**WORK TO BE COMPLETED**
Return the listing below exactly. Leave its pictures out.

**DATA EXCERPT**

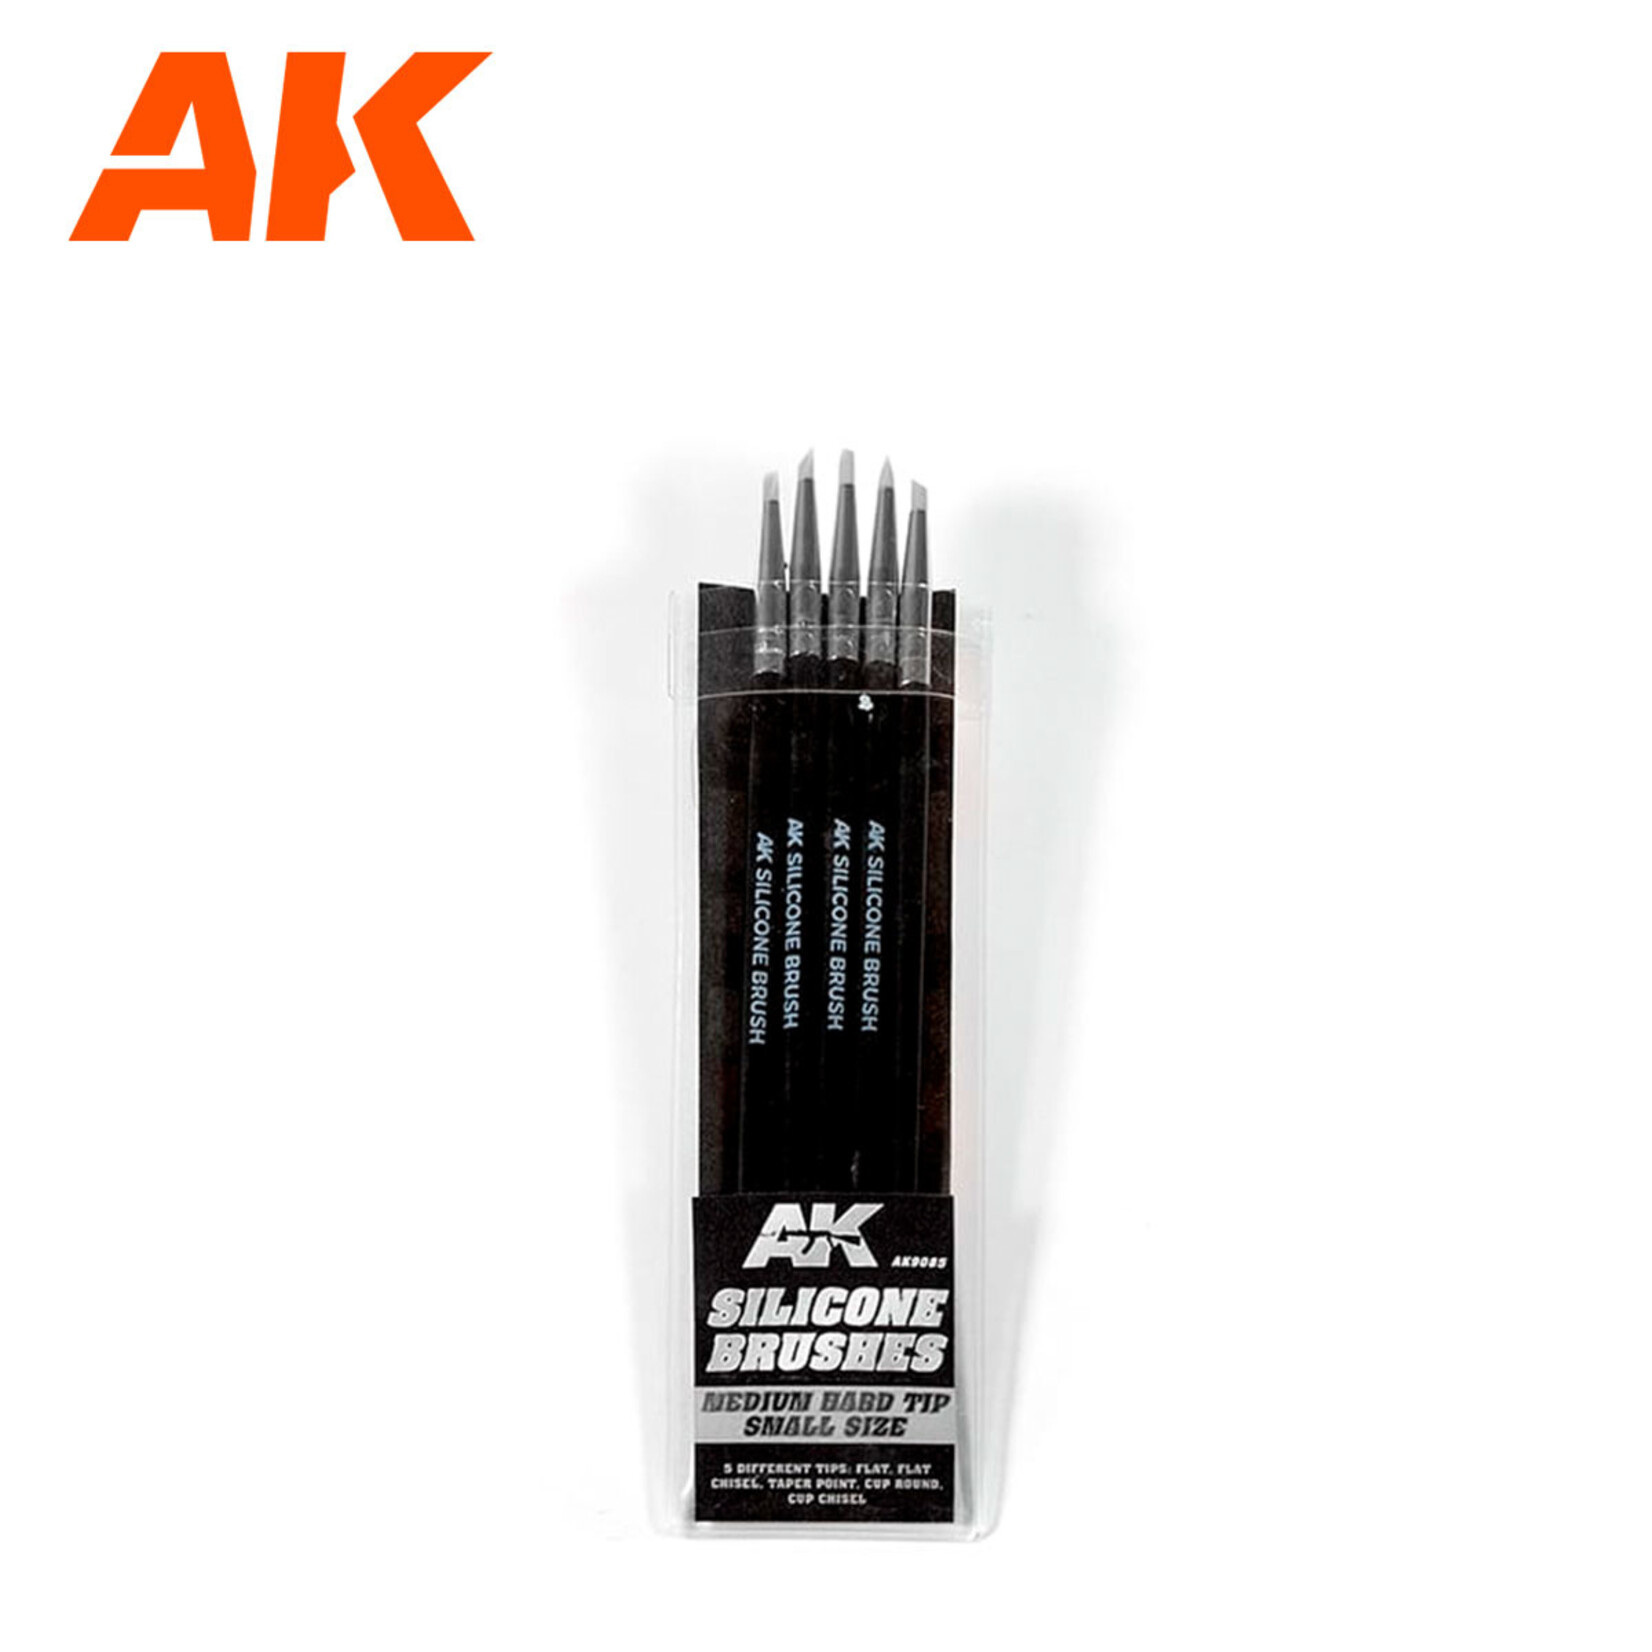 AK Interactive AK Silicone Brushes Medium Tip Small Size
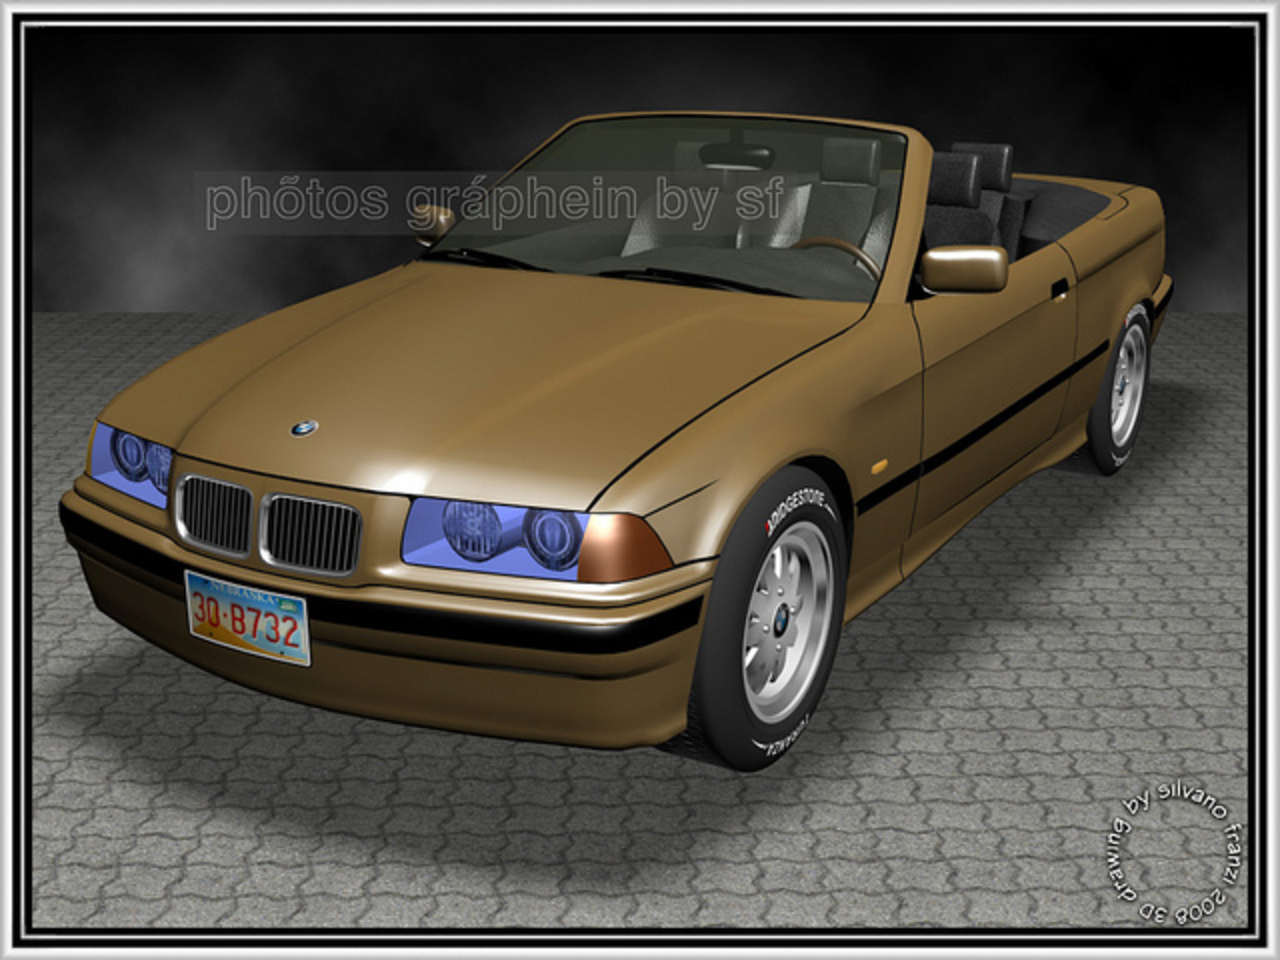 BMW 325i CABRIO" | Flickr - Photo Sharing!
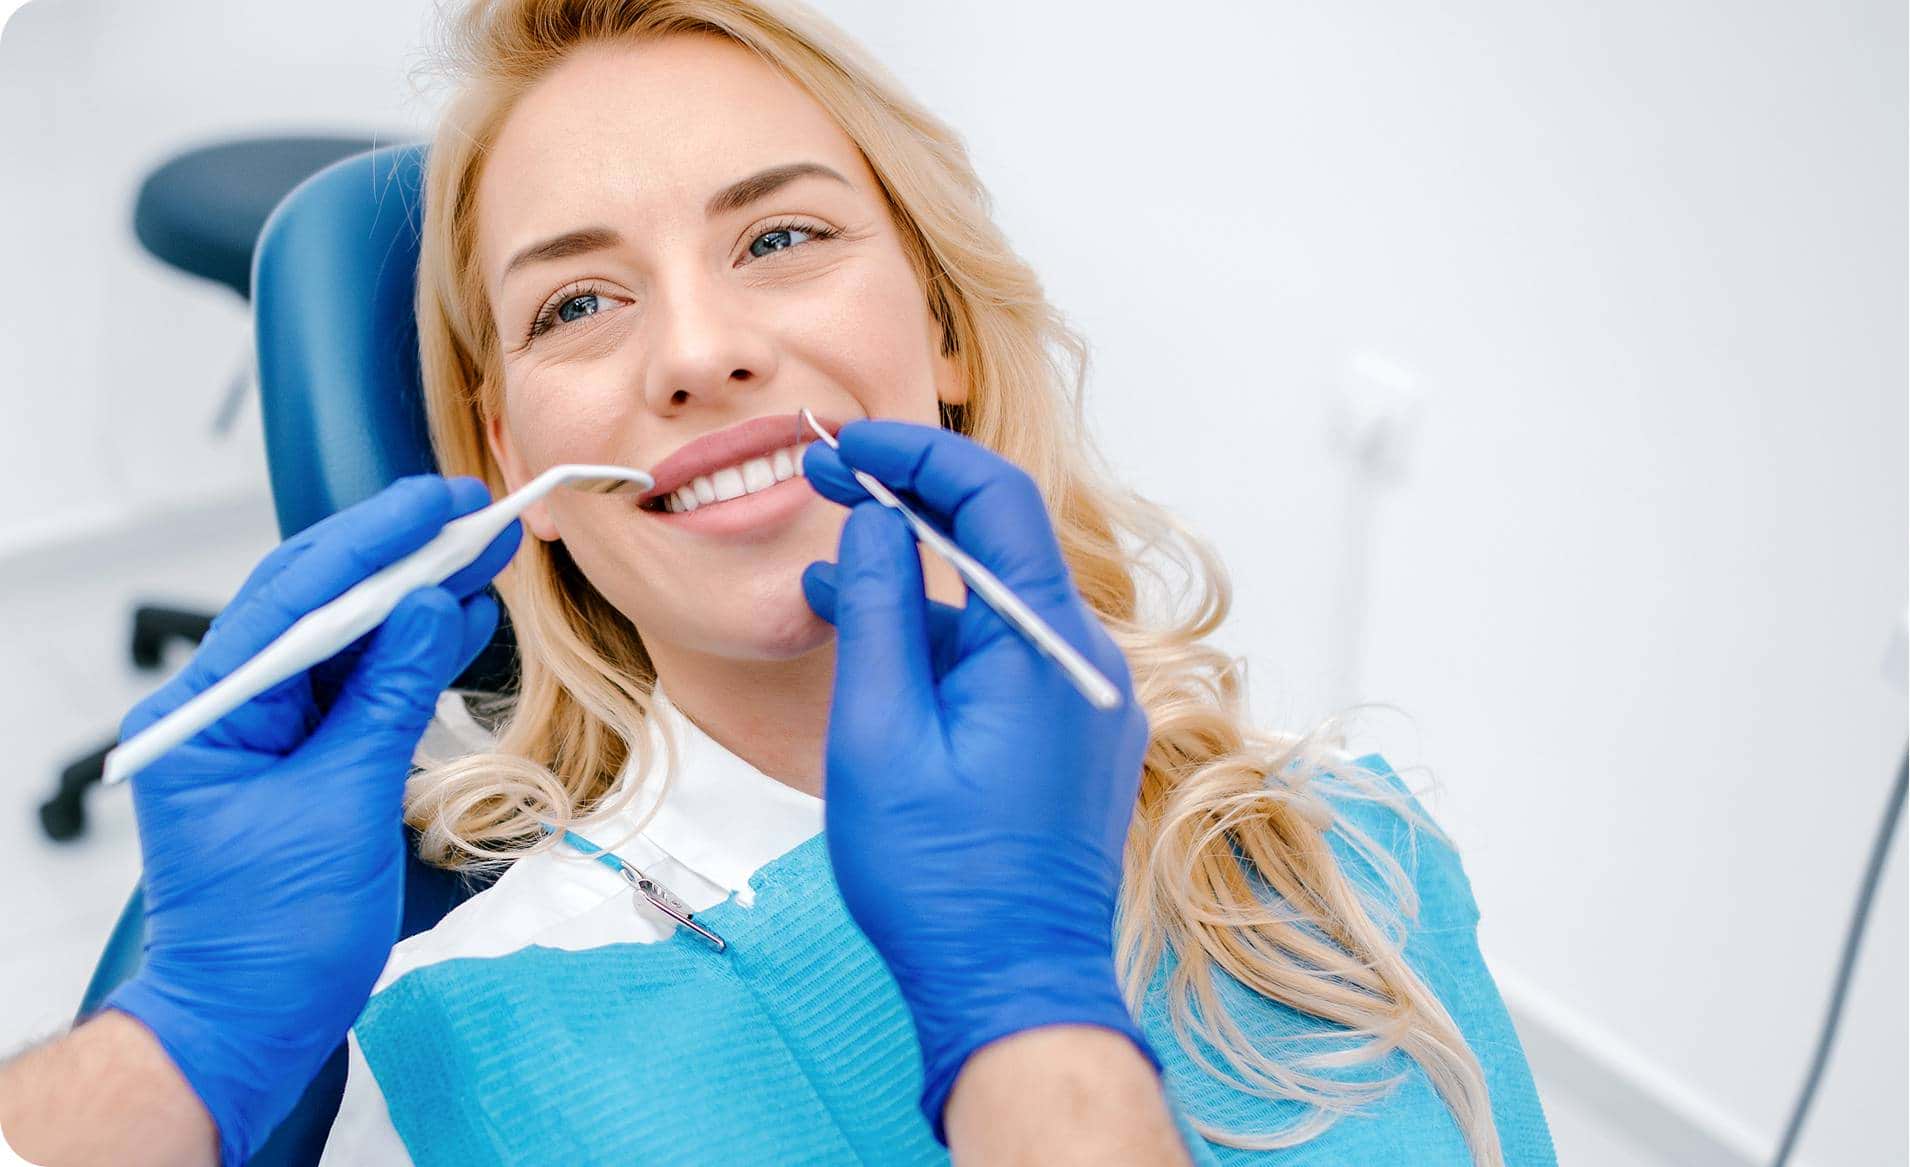 https://www.istockphoto.com/au/photo/woman-having-teeth-examining-at-dentist-gm1190798549-337690744
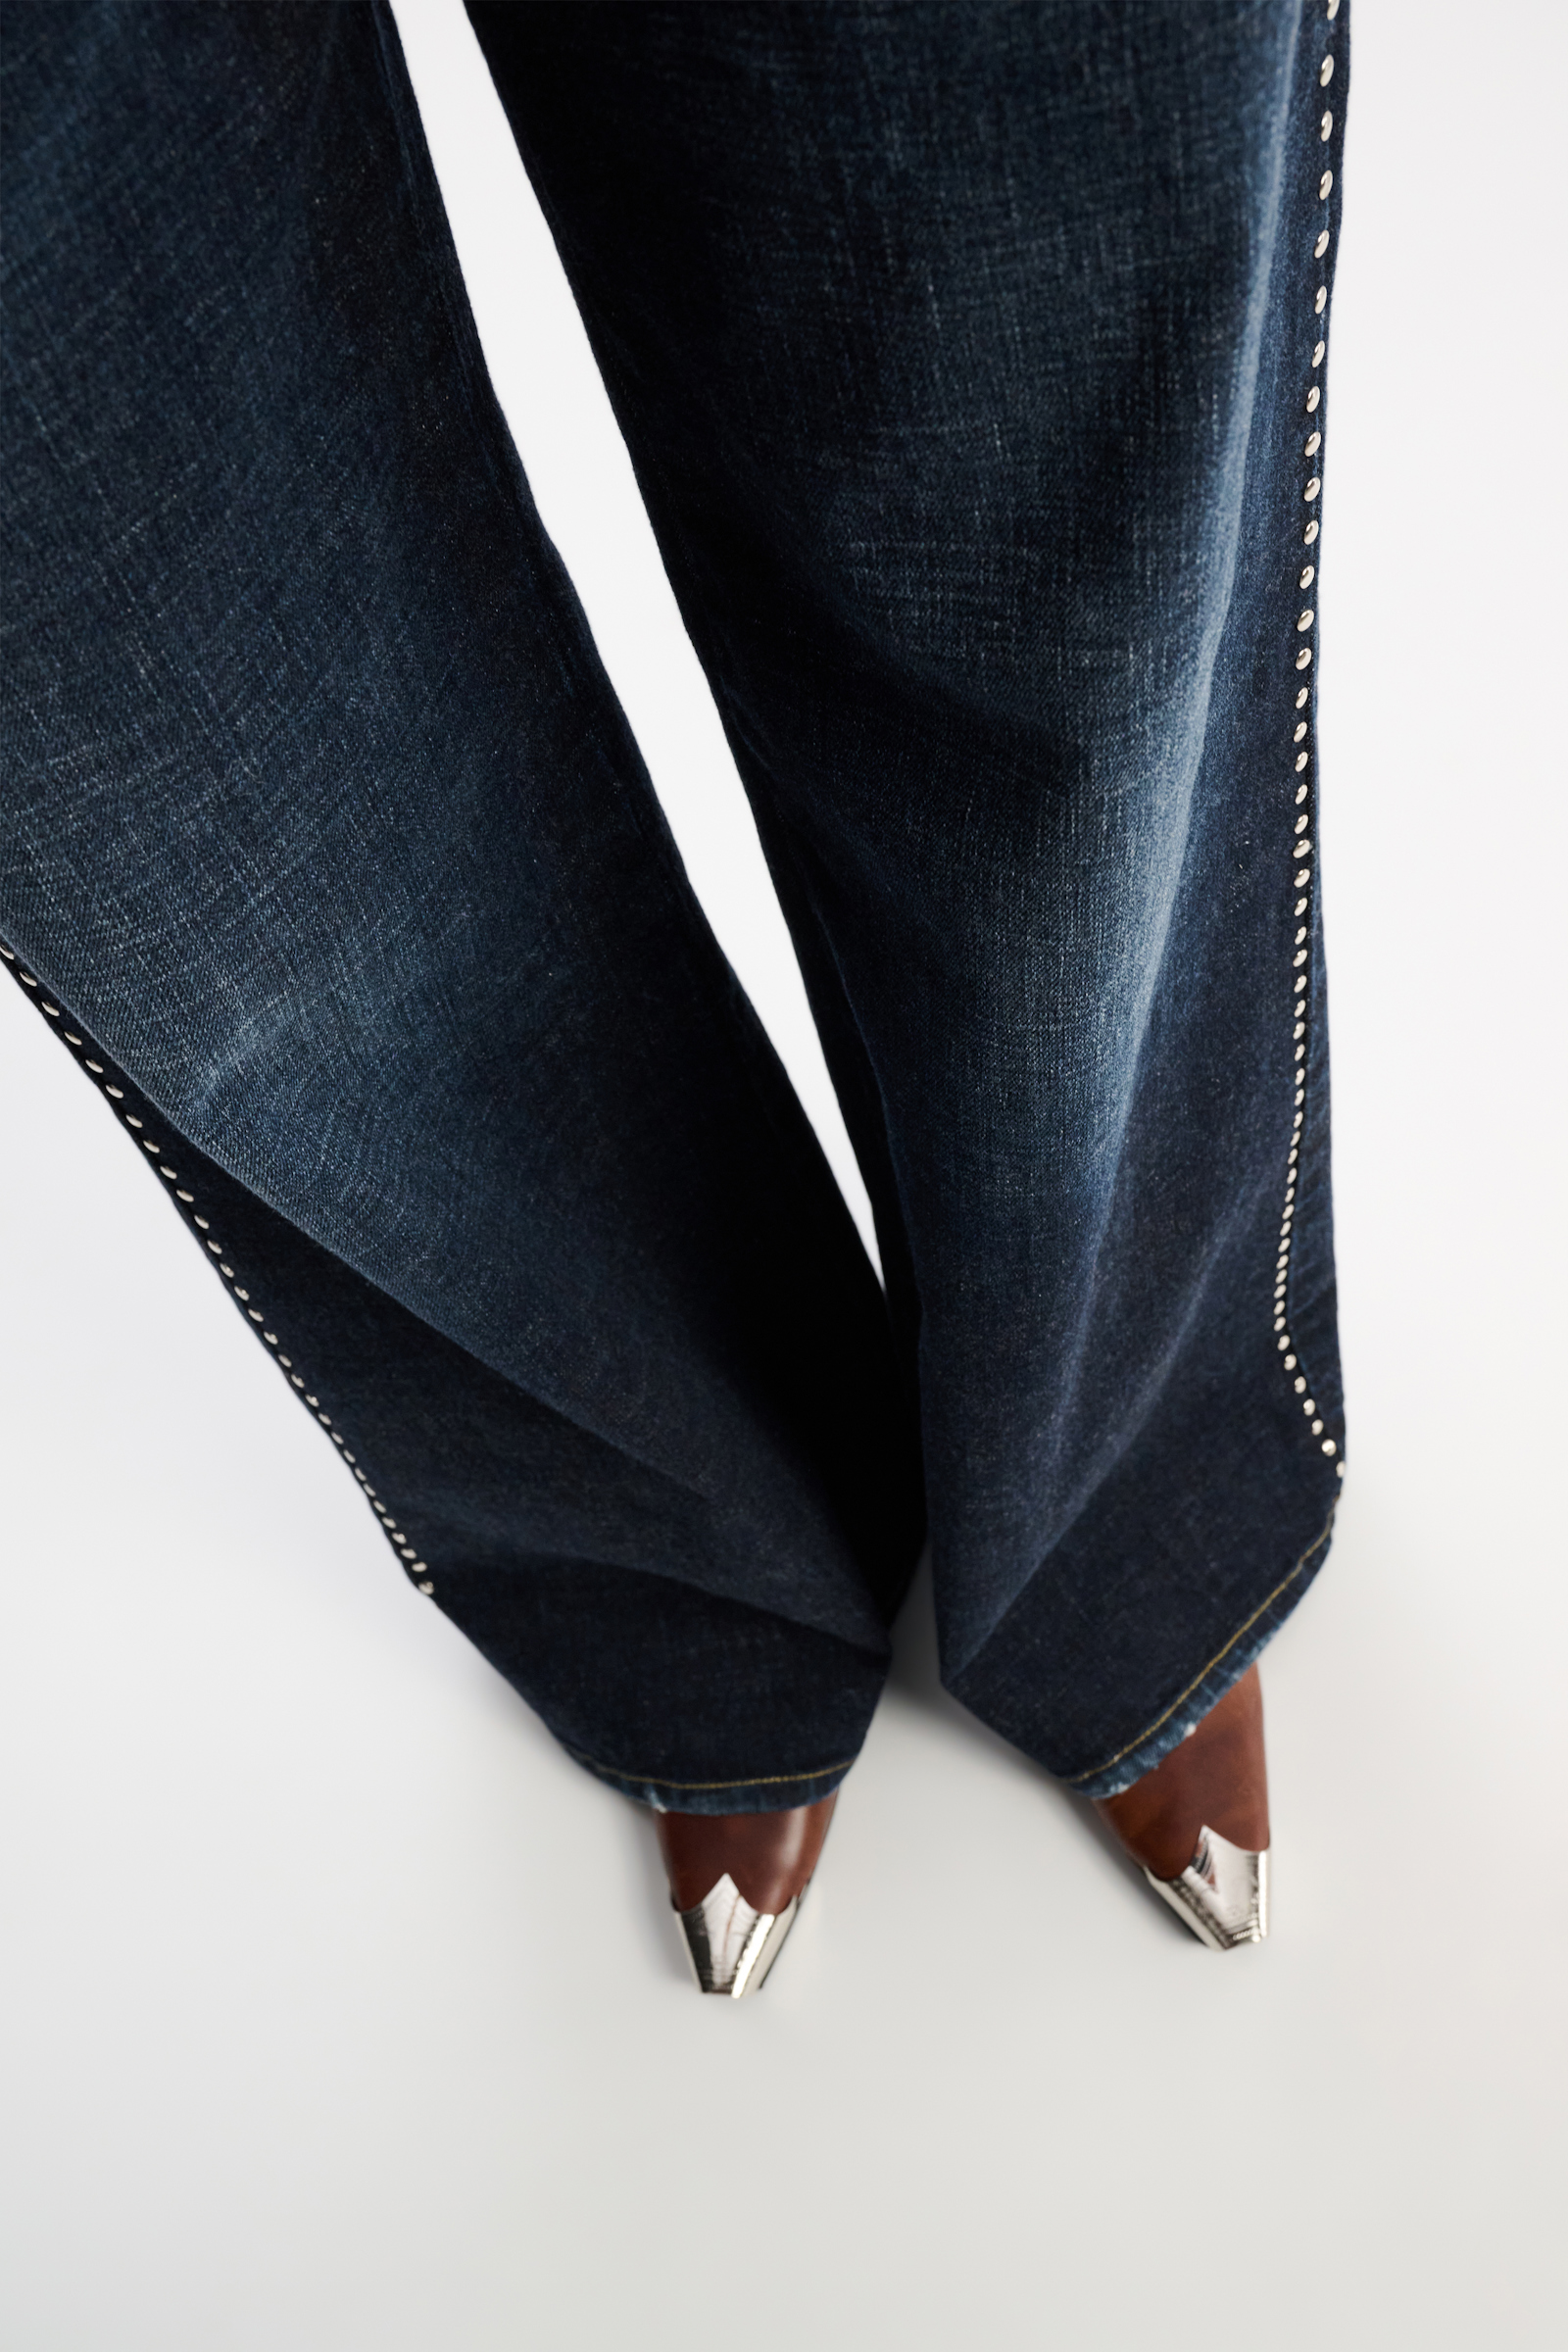 Dorothee Schumacher Studded wide leg jeans with frayed waistband true denim blue

**ANSWER SECTION**
 AK Interactive AK Silicone Brushes Medium Tip Small Size
 BMW 325i CABRIO" | Flickr - Photo Sharing!
 https://www.istockphoto.com/au/photo/woman-having-teeth-examining-at-dentist-gm1190798549-337690744
 Dorothee Schumacher Studded wide leg jeans with frayed waistband true denim blue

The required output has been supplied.